The phenomenal growth and rapid development of translation studies is the recent trend setting in 21st century.  Actually the terrain of translation has emerged during 1980s with regard to lay a greater emphasis on syntactic and semantic meanings enthralling semiotics of the language and its cultural entities. Today these translation studies are amassing the wide variety of fields like linguistics, literary studies, history, psychology, anthropology and economics. The translation is meant to transliterate the original cultural ideas into another cultural world.
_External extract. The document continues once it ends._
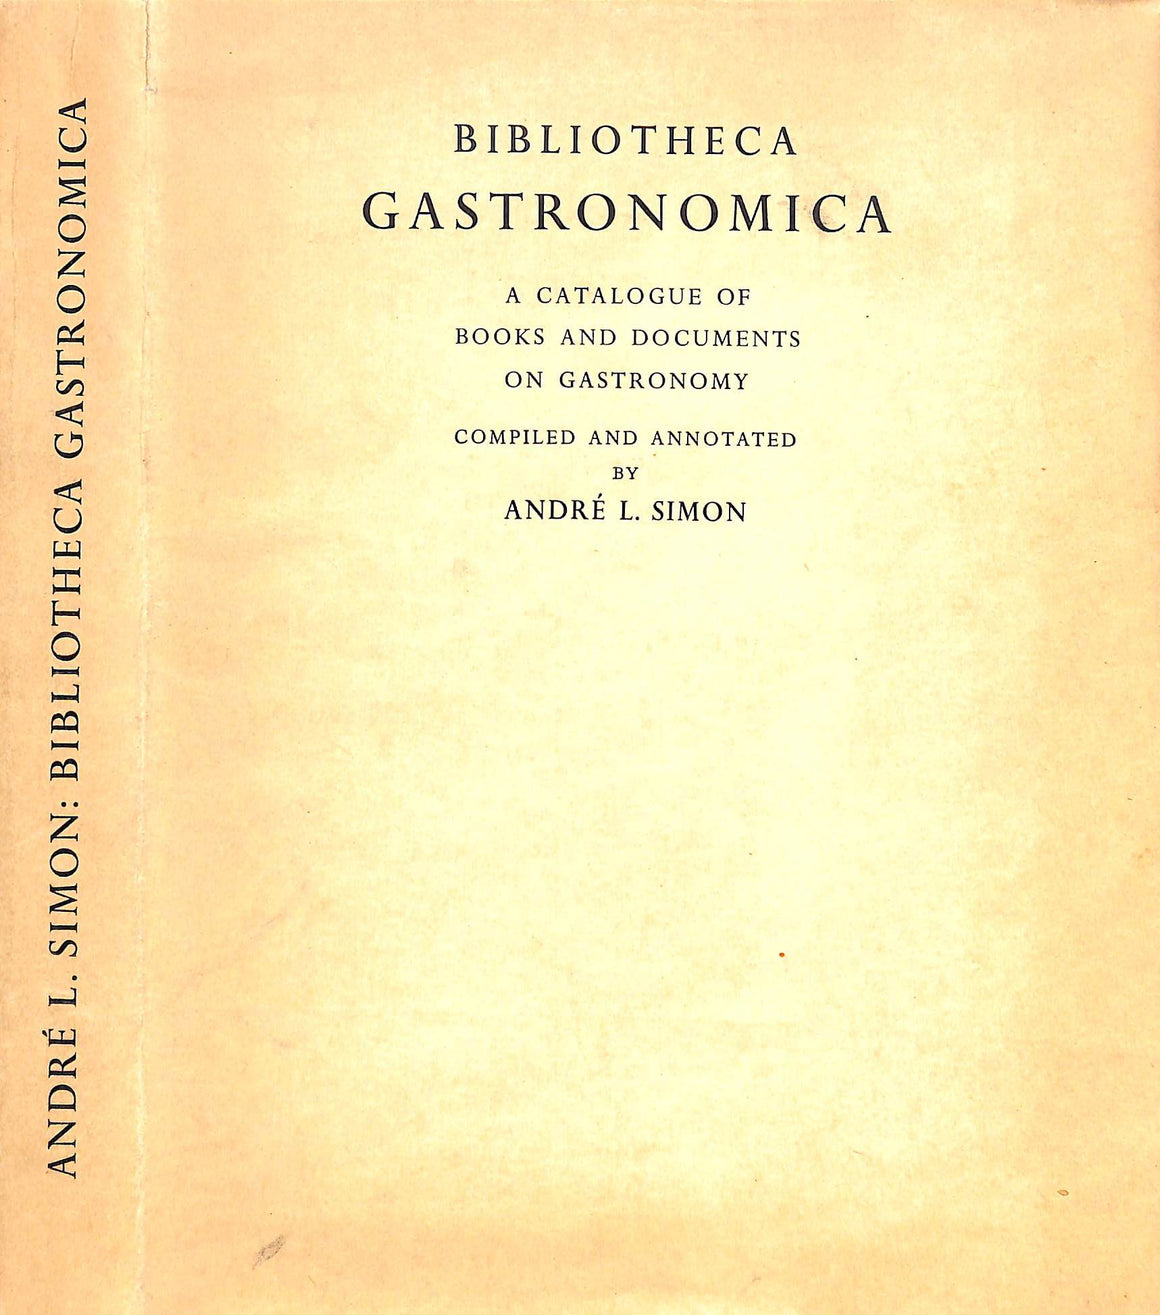 "Bibliotheca Gastronomica: A Catalogue Of Books And Documents On Gastronomy (INSCRIBED)" 1953 SIMON, Andre L.

To put it in simple words translation is a process of putting forth our feelings, emotions and thoughts from mother tongue to other tongue or vis-à-vis. Sometimes mother tongue becomes other tongue and other tongue the mother tongue depending upon the given temporal and spatial situations in which the translator plays a very pivotal role in equilibrium of cultural devices. The mother tongue may be Kikuyu, Spanish, Russian, Italian, French, German or Englishes and the other tongue includes Kannada, Telagu, Tamil, Bengali or Hindi – or vice versa. The mother tongue always represents the expression of thoughts and ideas in the most homogeneous order and makes the speaker more confident of his/ her communication in everyday life.  The other tongue constitutes the heterogeneous world where the cultural identities are exuded by apartheid, marginalized, downtrodden or subaltern or Dalit concerns and their inner circle where their boundaries are fixed by the hegemony of sociology. I am just foregrounding this ideology to disseminate the knowledge of the present PU First year English text and the forthcoming PU Second Year English text in the post colonial understanding of the literal and linguistic meanings.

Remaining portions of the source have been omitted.